La grandeza del cine japonés se ha alimentado de unas características que lo han hecho muy reconocible internacionalmente. Pensamos en ese tempo sostenido y cadente, unos encuadres fijos y muy pensados, ausente de diálogos y explicaciones, y personajes silenciosos que todo lo expresan a través de la mirada y el gesto tranquilo y tímido. Un cine donde lo importante se mueve en ese especie de limbo donde relato y forma se funden para seguir emocionalmente a unos individuos que se mueven de aquí para allá sin más. La directora Élise Girard (Thouars, Francia, 1976), empezó con un par de documentales y luego pasó a la ficción con Belleville Tokyo (2010) y Drôles d’oiseaux (2017), sendos retratos femeninos en los que podríamos rastrear el argumento de Sidonie en Japón, porque en la primera tenemos a una joven embarazada y abandonada por su pareja en pleno duelo, y en la otra, a otra joven que llega a París y descubre una librería antigua y a su solitario dueño. 

A partir de un guion que firman Girard junto a Maud Amelie (que coescribió Scarlet, de Pietro Marcello), la desaparecida Sophie Fillères (cineasta y coescritora con Philippe Grandieux), que ambas escribieron la película Garçon chiffon (2020), de Nicolas Maury, en la que a modo de cuento o de haiku japonés, nos cruzamos con la citada Sidonie, una madura escritora que ha perdido a su marido en un accidente y viaja a Japón porque su primer libro se edita en el país asiático. Allí, conocerá a Kenzo Mizoguchi, su editor que la llevará a diferentes actos de promoción como encuentros con la prensa, presentaciones y demás. Una trama construida a partir de la pausa y los silencios, con muy pocos diálogos, en los que conviven la idiosincrasia propia de Japón, entre lo ancestral y lo mega moderno, entre los vivos y los muertos, dos antagonismos que se mezclan constantemente en la historia, además de la parte emocional de los dos personajes, en pleno duelo. La escritora que sigue añorando a su marido, y el editor que no acaba de seguir después que su mujer lo dejase. A través del drama íntimo iremos pasando por lo fantástico, pero no desde el arquetipo, sino como conflicto emocional, donde el fantasma del marido de ella se le aparece, como sucedía en Sin fin (1985), de Kiéslowski.

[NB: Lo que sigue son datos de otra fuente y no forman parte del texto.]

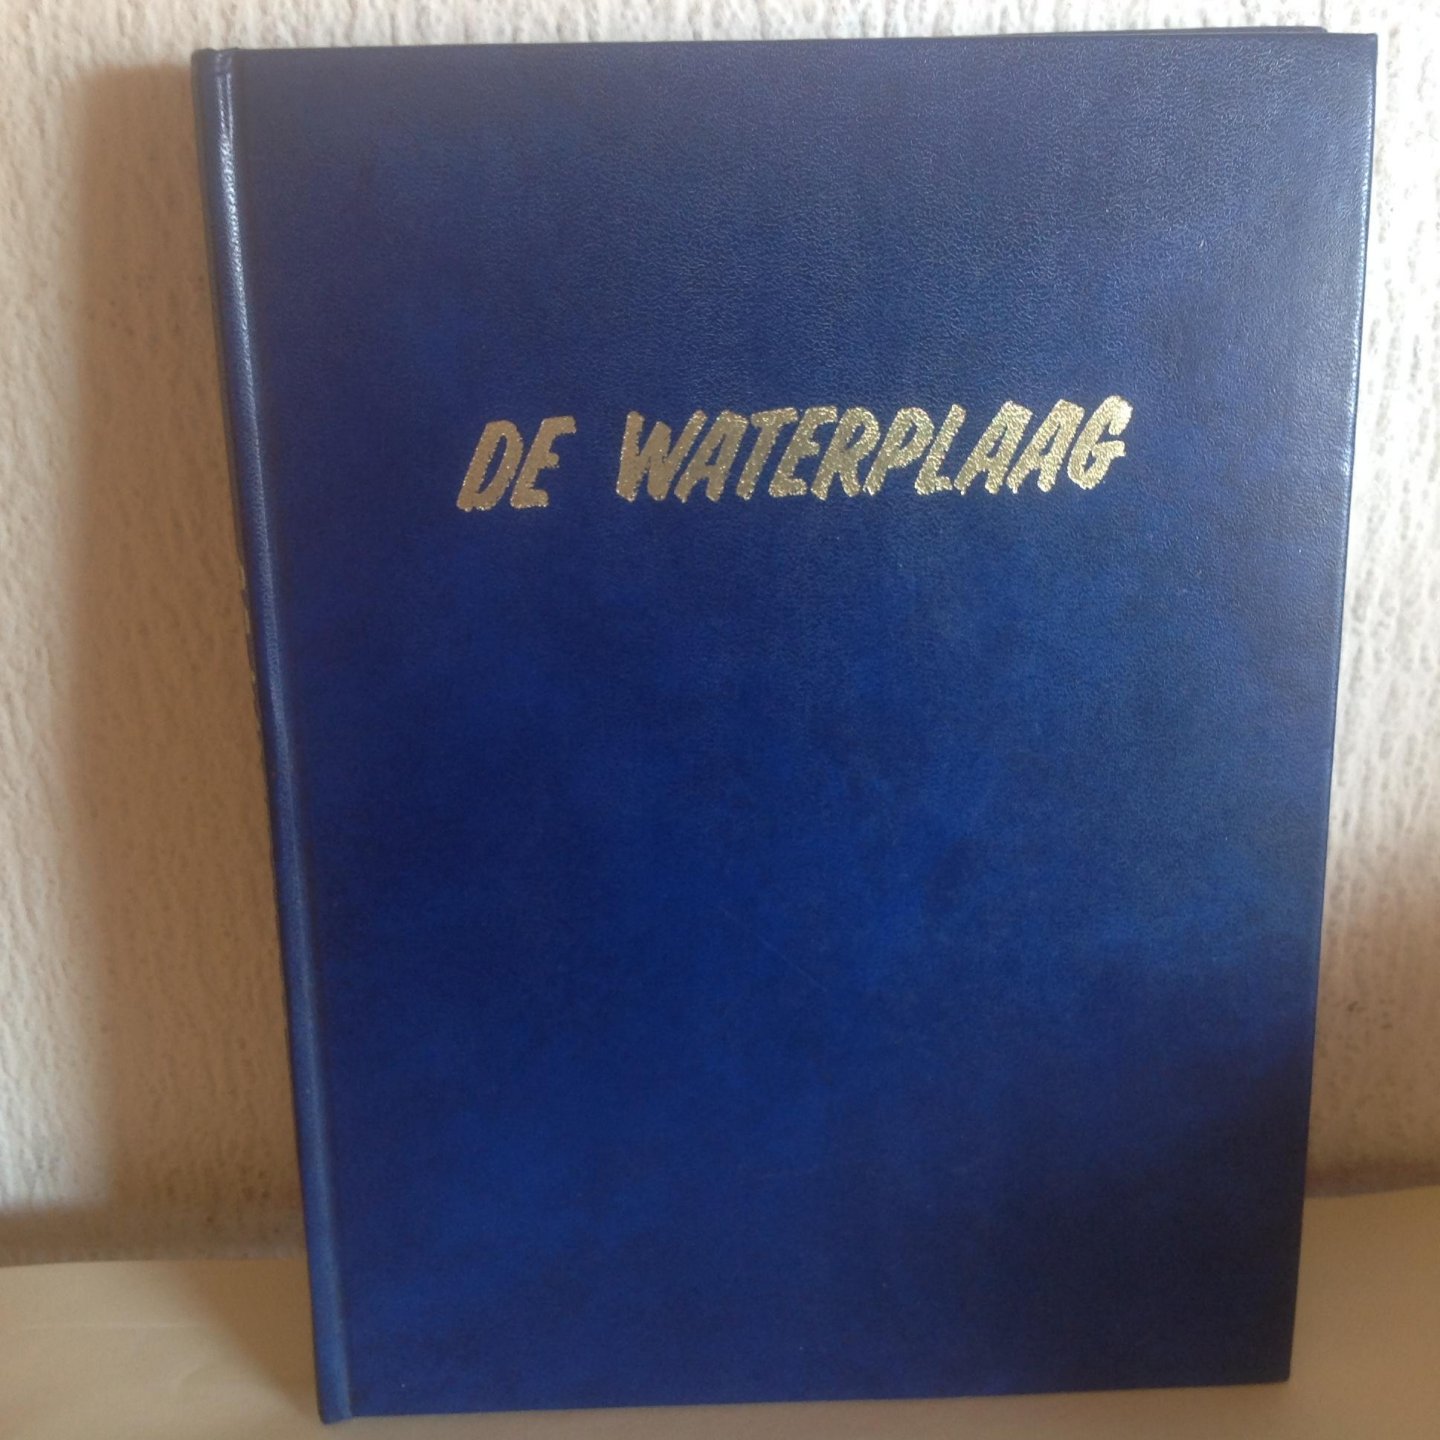 Petersen - Waterplaag / druk 1
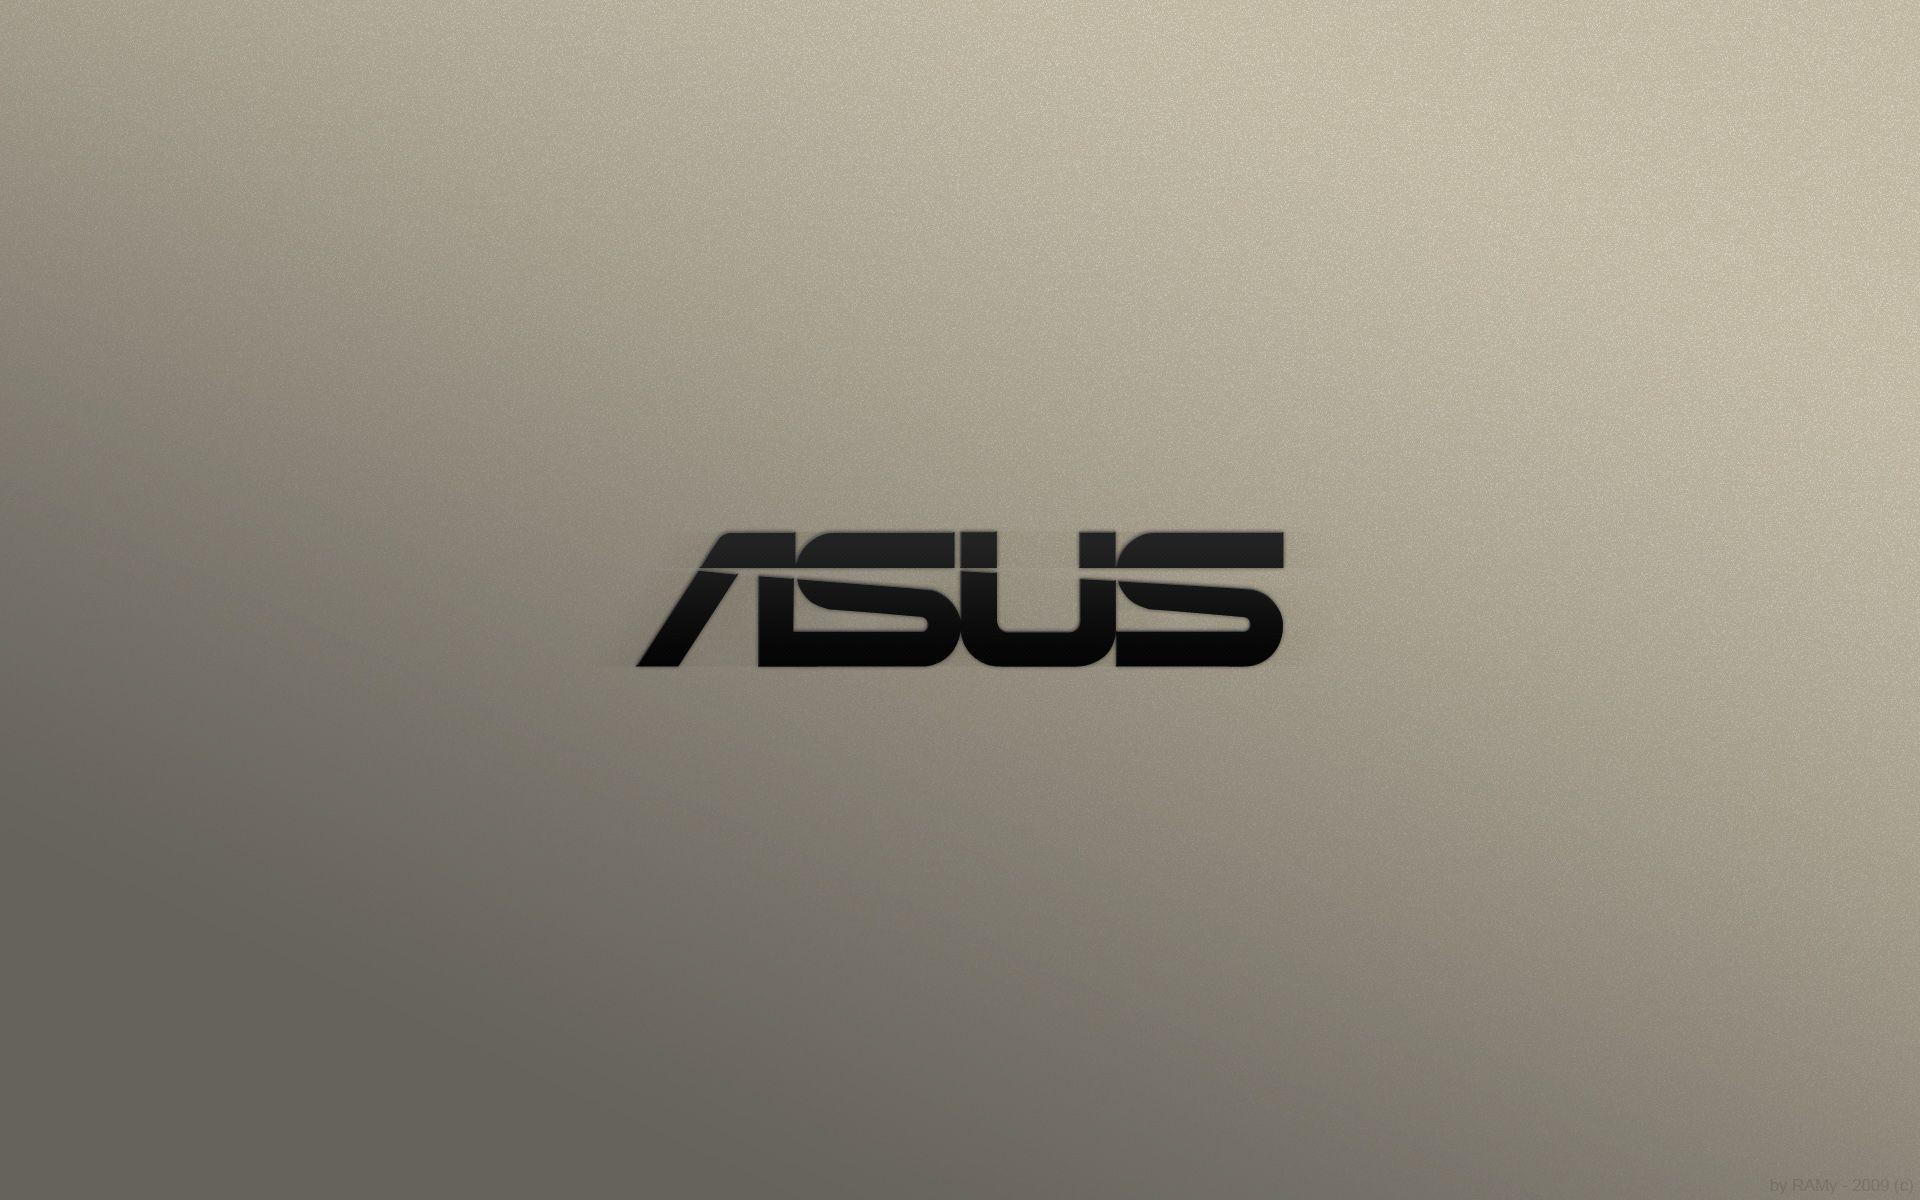 Asus Desktop Backgrounds (74+ images)

La parte técnica de la película ejemplar en su definición y detalles camino al son de lo que cuenta la película, con una gran cinematografía de Céline Bozon, que ha trabajado con cineastas tan interesantes como Tony Gatlif, Valérie Donzelli y Serge Bozon, entre otros, donde cada encuadre está cimentado desde la pulcritud y la concisión, así como la sensible música de Gérard Massini, que va sumergiéndonos en esta relación tan especial y peculiar, así como el estupendo montaje de Thomas Glaser, que ya trabajó con la directora en la mencionada Drôles d’oiseaux, en una película nada fácil con sólo dos personajes, que hablan muy poco, y ese ritmo tan pausado que tiene la película, en una cinta de 95 minutos de metraje. Si lo técnico está en sintonía con lo que se cuenta, la interpretación es punto y aparte, porque la pareja protagonista es de una elegancia y naturalidad aplastantes. Qué decir de Isabelle Huppert, con más de medio siglo de carrera y más de 150 títulos como actriz. No sólo es una grande de la historia del cine, sino que lo que toca lo hace de una sencillez y calidez absoluta. Su Sidonie es una mujer rota, en soledad, sin alicientes, sin amor, que ni lee ni escribe. Su viaje a Japón será un no quiero pero que acepta como necesidad, como pequeña luz. 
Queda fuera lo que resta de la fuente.